What is being asked: Your copy starts at the line containing "Dokumente der Sozialistischen" and ends at the last line of the material below. Reproduce those lines exactly, with no pictures.

Dataset section:
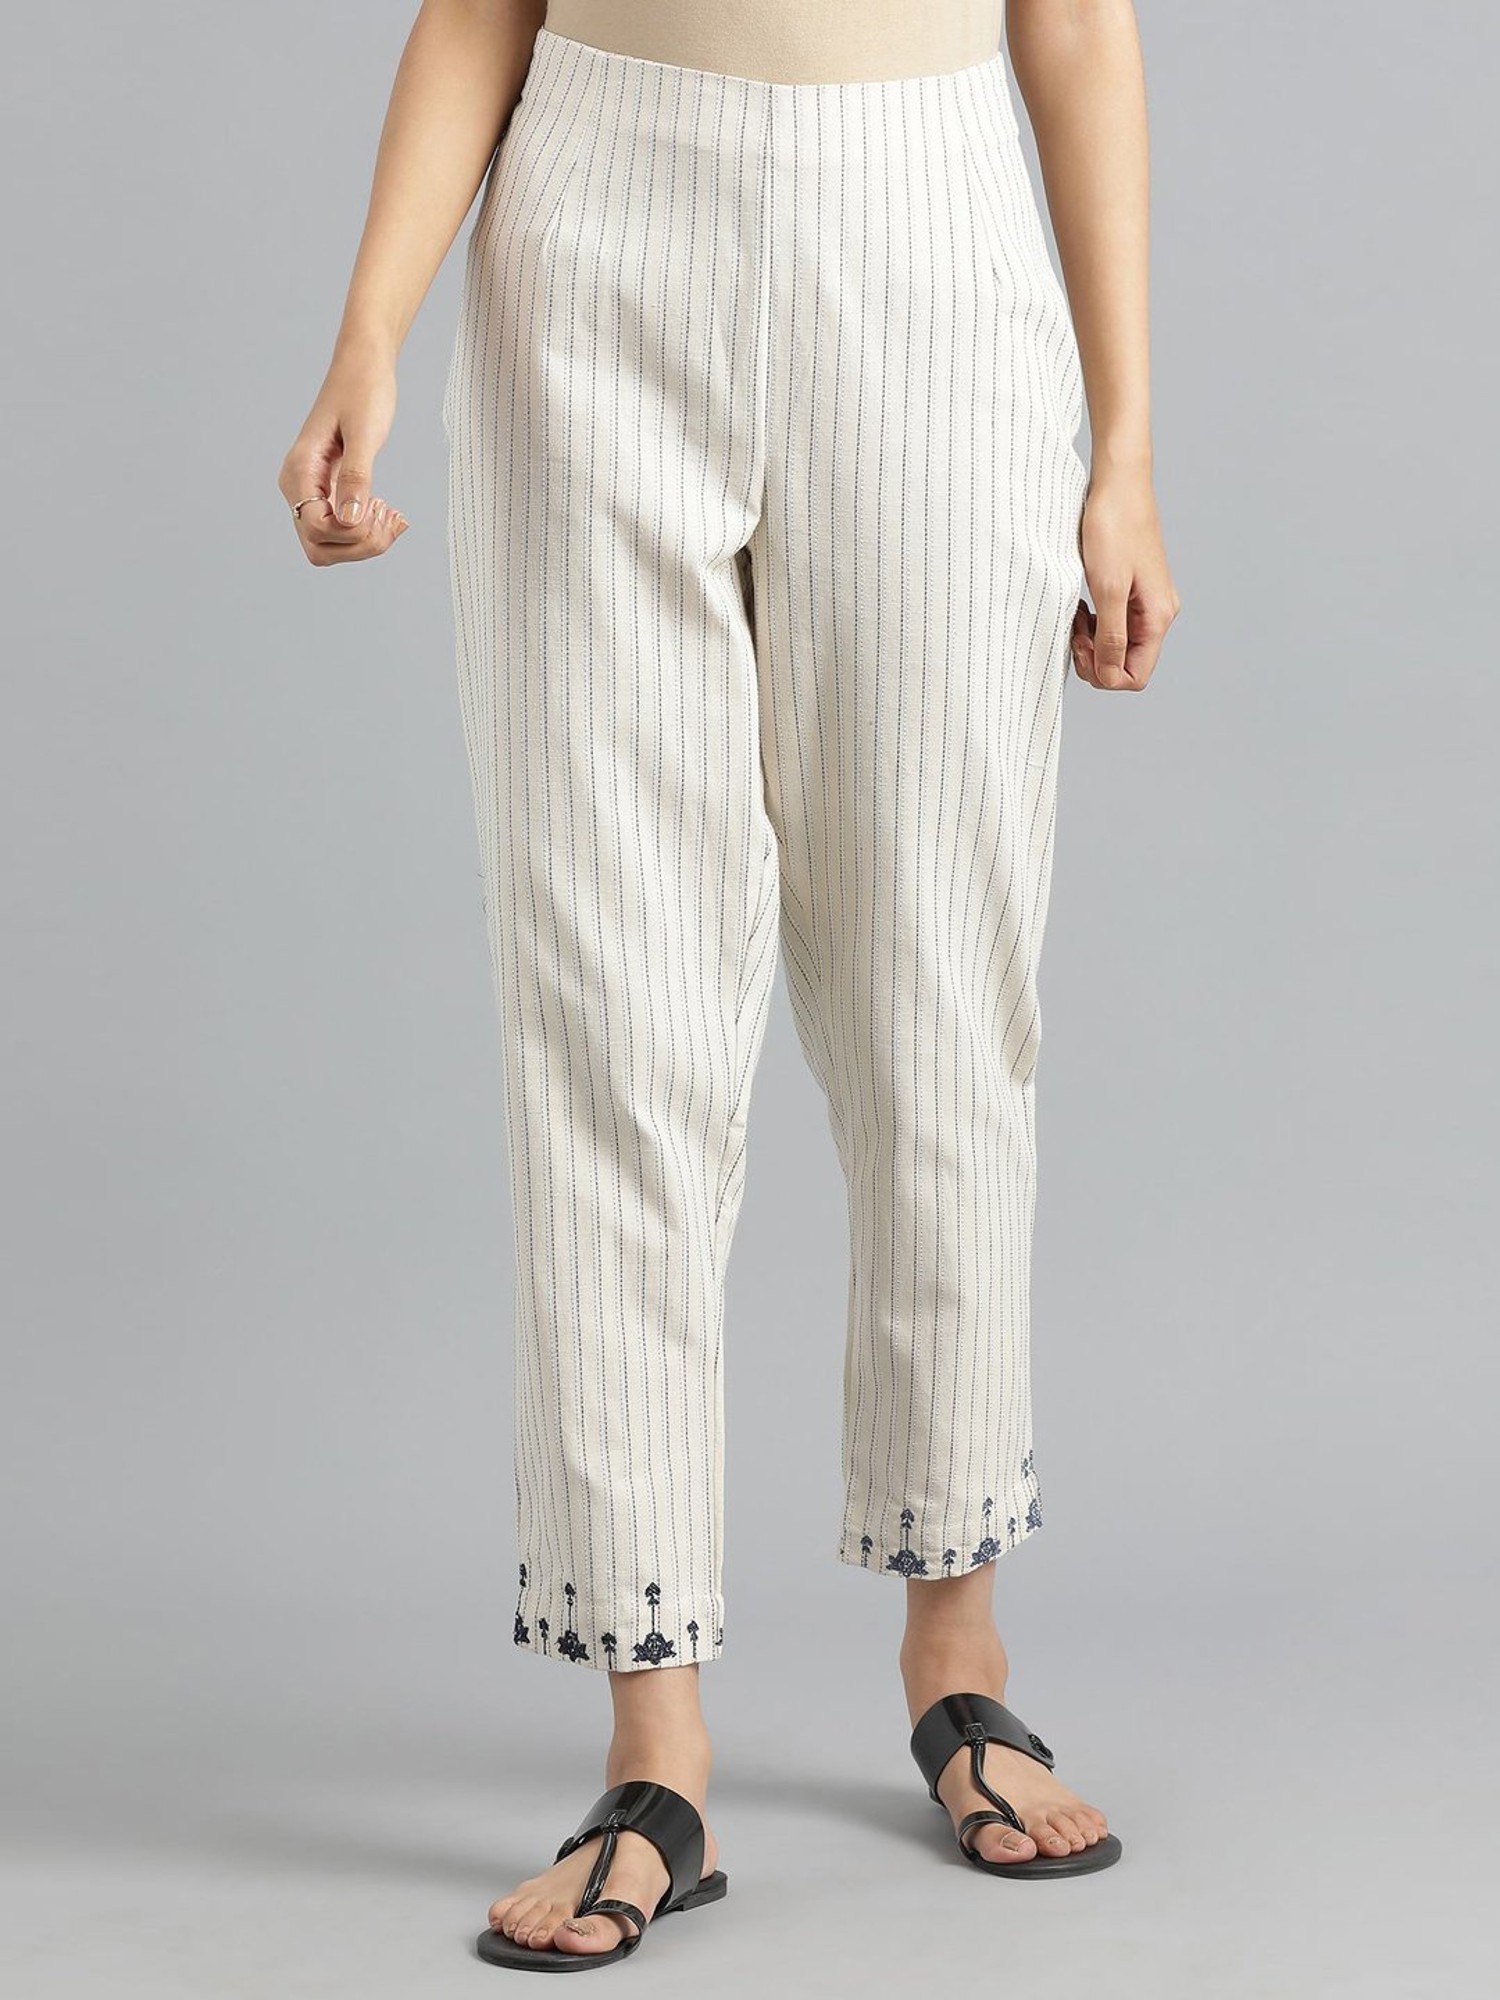 Buy Plus Size Cotton Palazzo Pants  Plus Size White Striped Pants  Apella
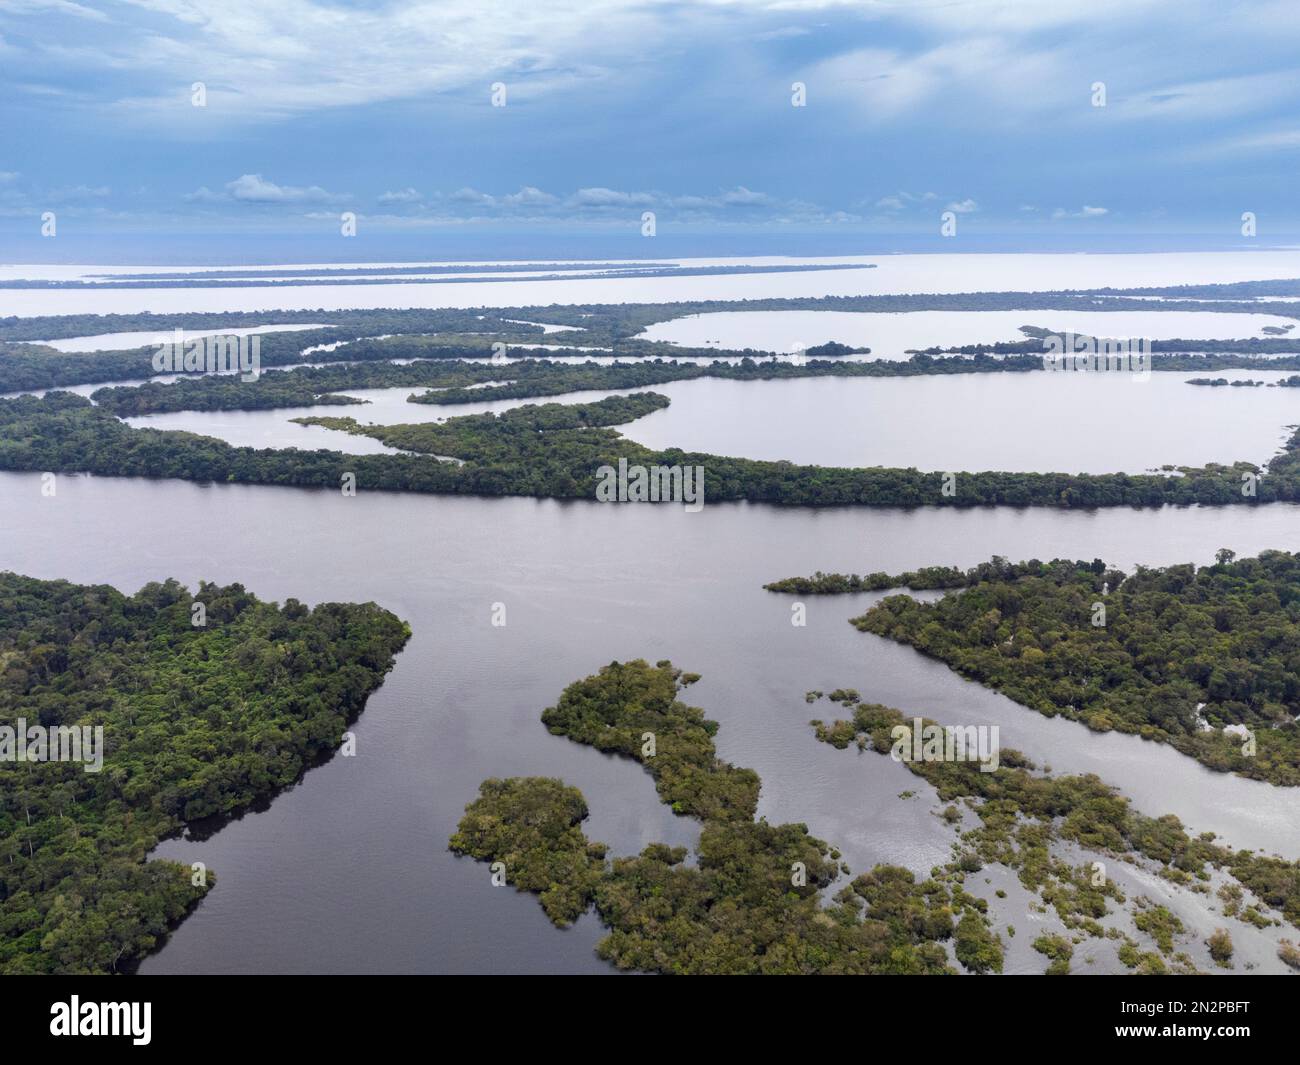 Îles Anavilhanas, le plus grand archipel fluvial du monde. Rio Negro. Vue aérienne. Parc national d'Anavilhanas, couloir écologique de l'Amazonie centrale, Brésil Banque D'Images
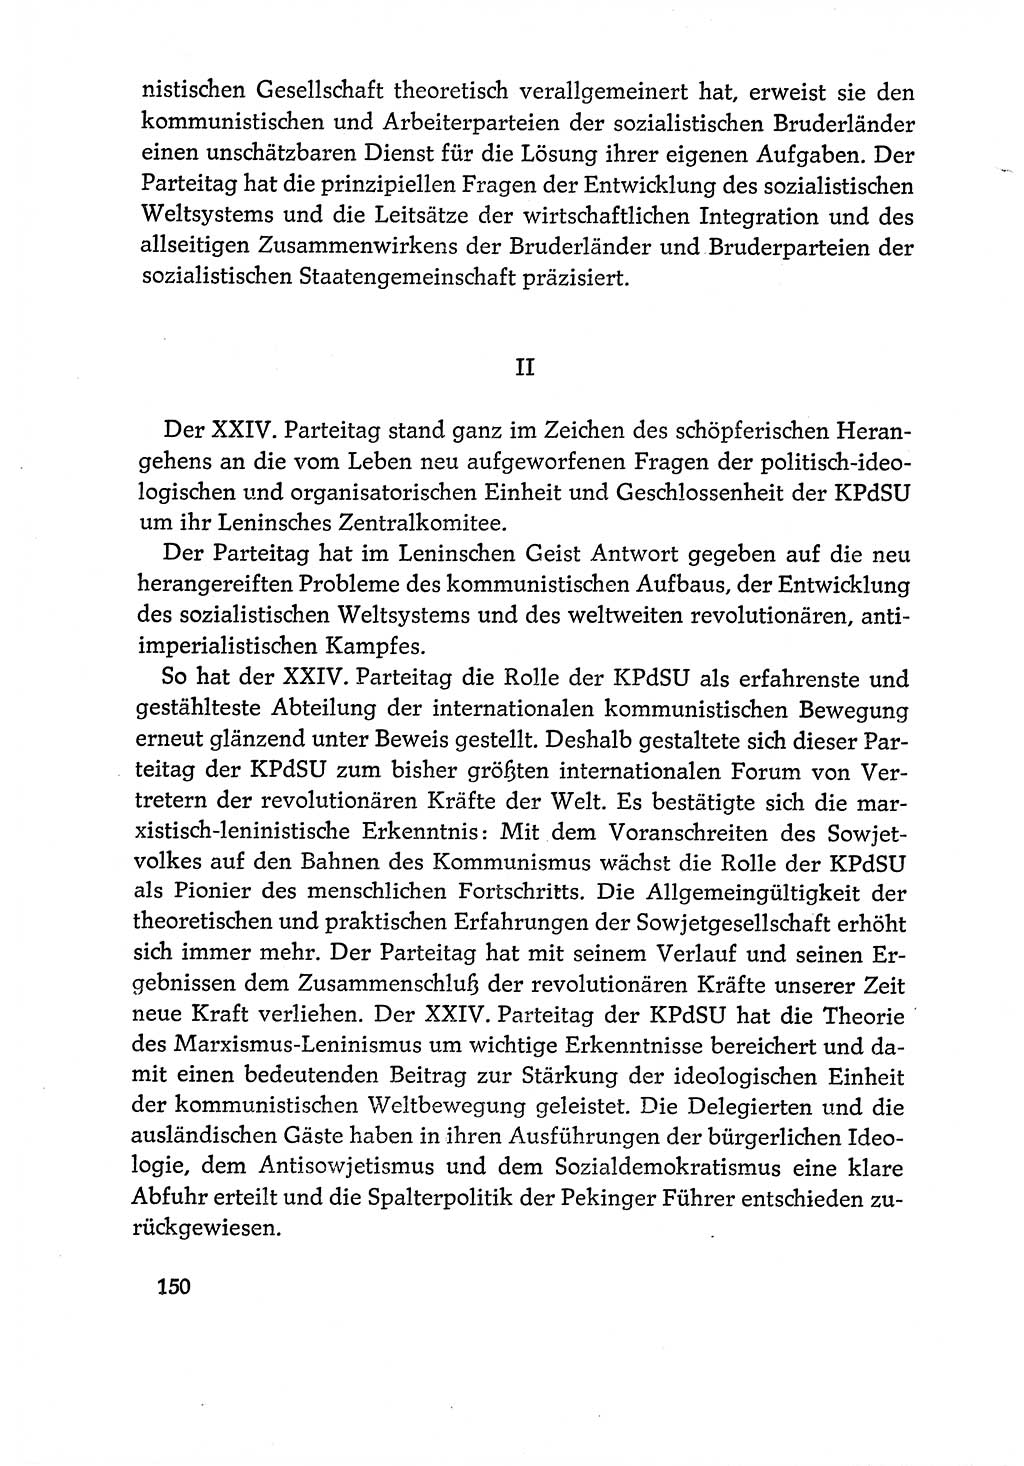 Dokumente der Sozialistischen Einheitspartei Deutschlands (SED) [Deutsche Demokratische Republik (DDR)] 1970-1971, Seite 150 (Dok. SED DDR 1970-1971, S. 150)
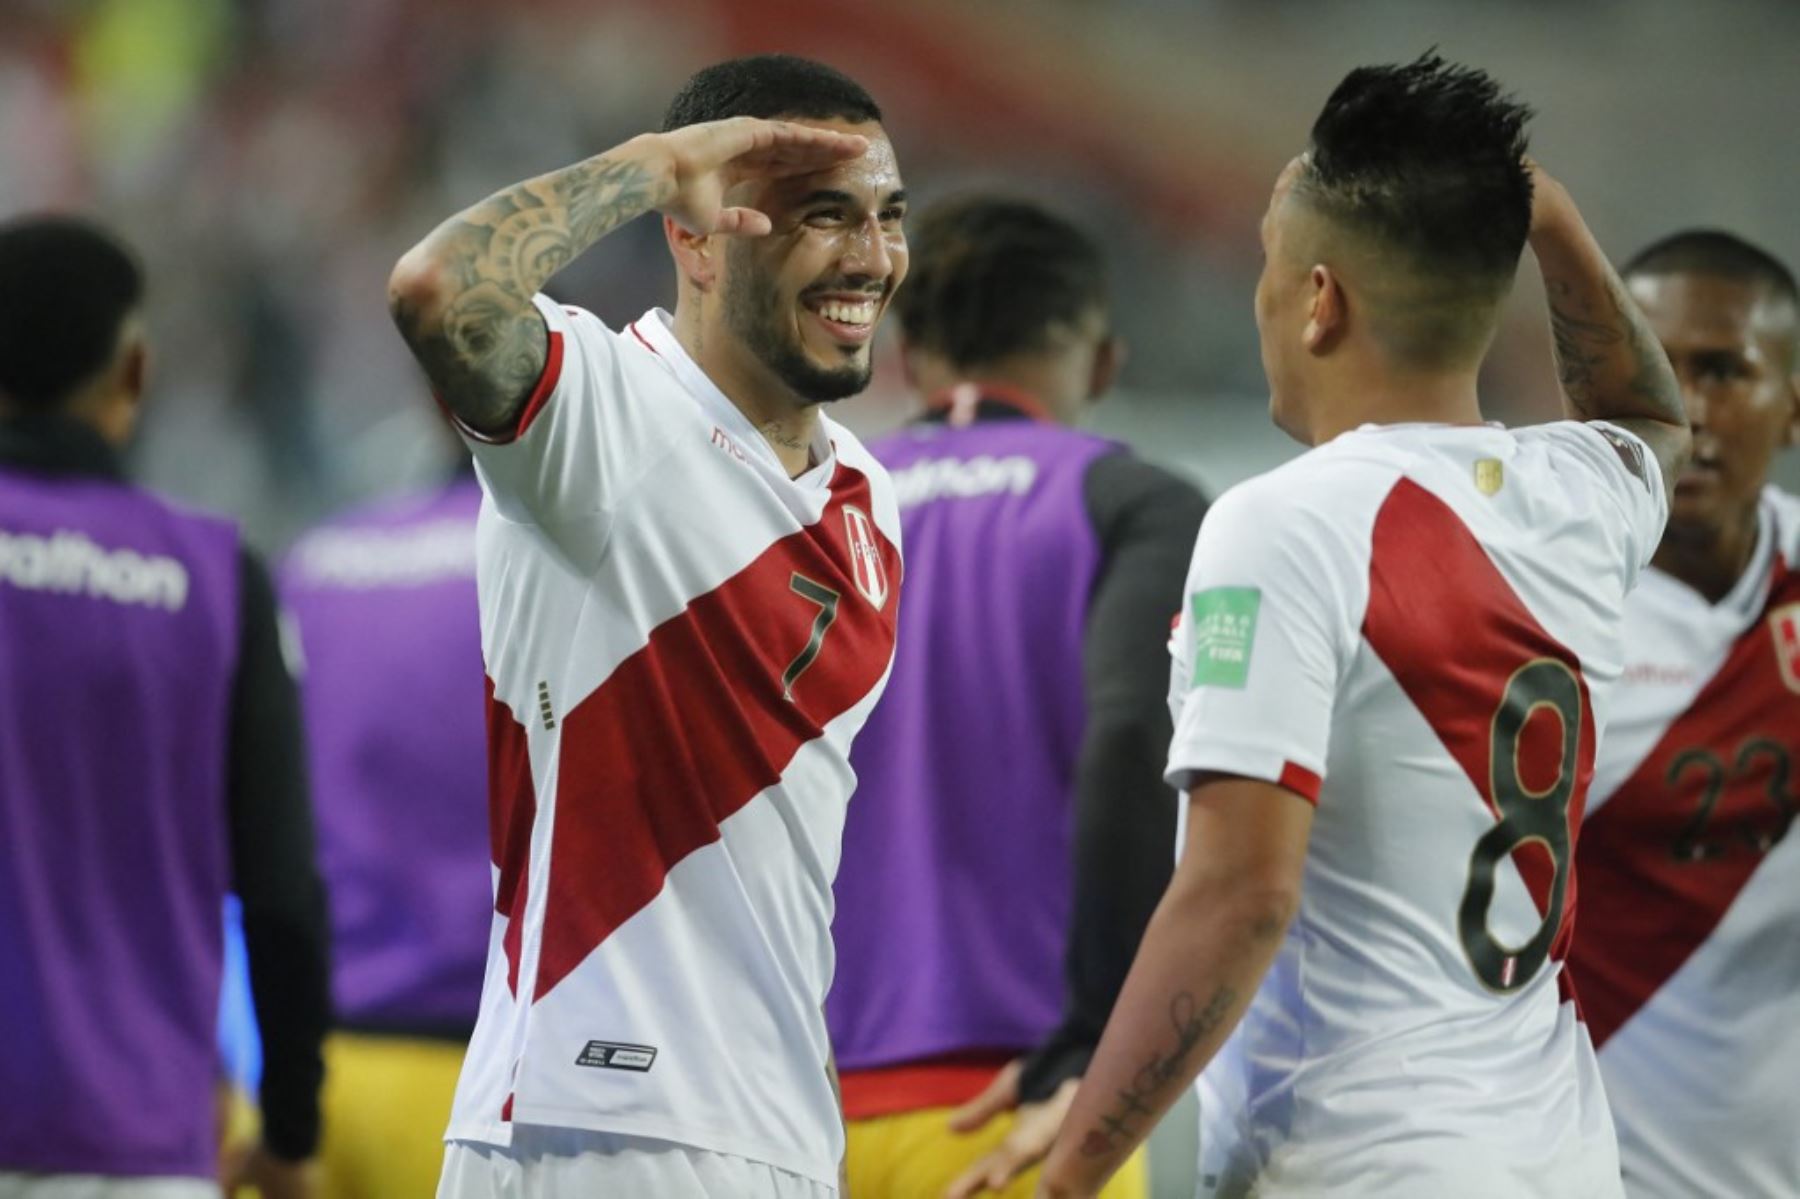 Sergio Peña de Perú celebra tras anotar contra Chile durante el partido de fútbol de clasificación sudamericano para la Copa Mundial de la FIFA Qatar 2022, en el Estadio Nacional de Lima el 7 de octubre de 2021. Foto: AFP

Output of the task:
 Dokumente der Sozialistischen Einheitspartei Deutschlands (SED) [Deutsche Demokratische Republik (DDR)] 1970-1971, Seite 150 (Dok. SED DDR 1970-1971, S. 150)
 Sergio Peña de Perú celebra tras anotar contra Chile durante el partido de fútbol de clasificación sudamericano para la Copa Mundial de la FIFA Qatar 2022, en el Estadio Nacional de Lima el 7 de octubre de 2021. Foto: AFP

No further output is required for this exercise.